According to the Insurance Information Institute (III), it may be a good idea to purchase gap insurance if you made less than a 20% down payment on your car, if you financed it for 60 months or longer, if you are leasing the vehicle (as it is usually a requirement in this case), if you purchased a vehicle that depreciates at a faster than average rate, or if you rolled over negative equity from an old car loan to a new one.
What gap insurance does not cover
To put it simply, gap insurance only covers you if your vehicle is totaled. It does not cover property damage or bodily injuries resulting from an accident. Gap insurance can cover you in the event your car is stolen and unrecovered, but it will not cover you if your car’s engine fails or there is a death as a result of an accident.

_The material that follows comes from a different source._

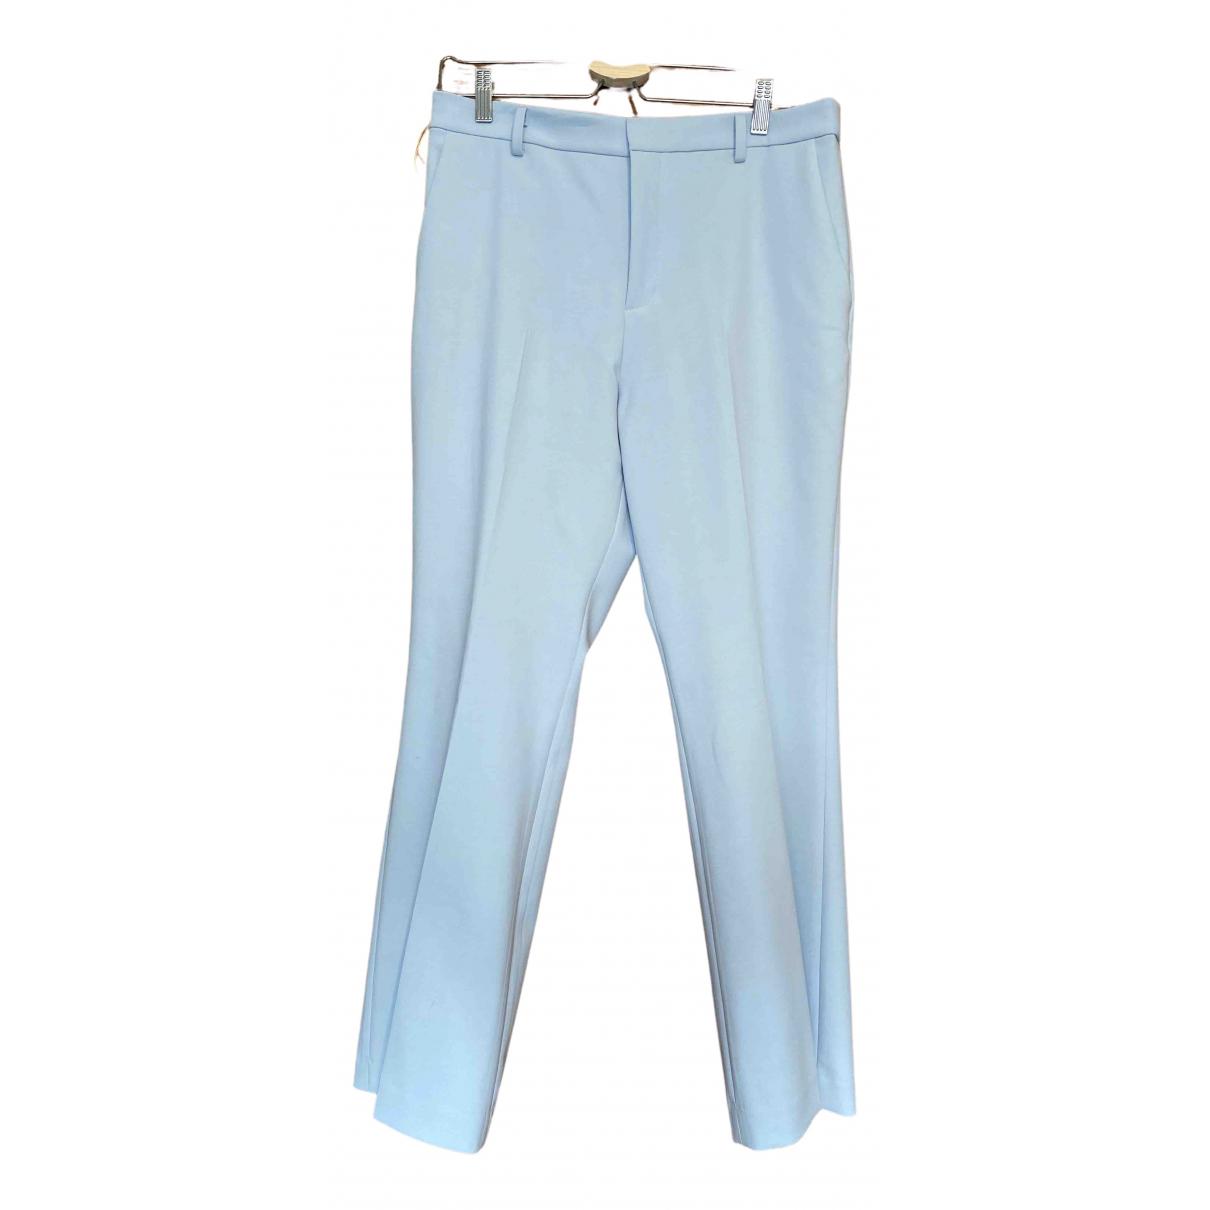 Uniqlo \N Blue Trousers for Women L International

Where to get gap insurance
Usually, you can purchase gap insurance from the dealer you purchase your car from. However, you will usually pay more than if you purchased coverage from a car insurer. You can also purchase a type of gap coverage from your auto insurer, it it’s offered. Some, not all, car insurers may allow you to purchase gap insurance after you purchase your car, but many require your car to be brand new. Gap insurance is usually affordable and can give you peace of mind in the event your new car is totaled while you still owe on it.
When considering gap insurance, keep in mind that a gap between your car’s value and the amount you owe may linger for a couple of years. Gap insurance can prevent you from being solely responsible for the difference in the event of a total loss of your vehicle. This gap will eventually vanish but in the meantime, there’s gap insurance.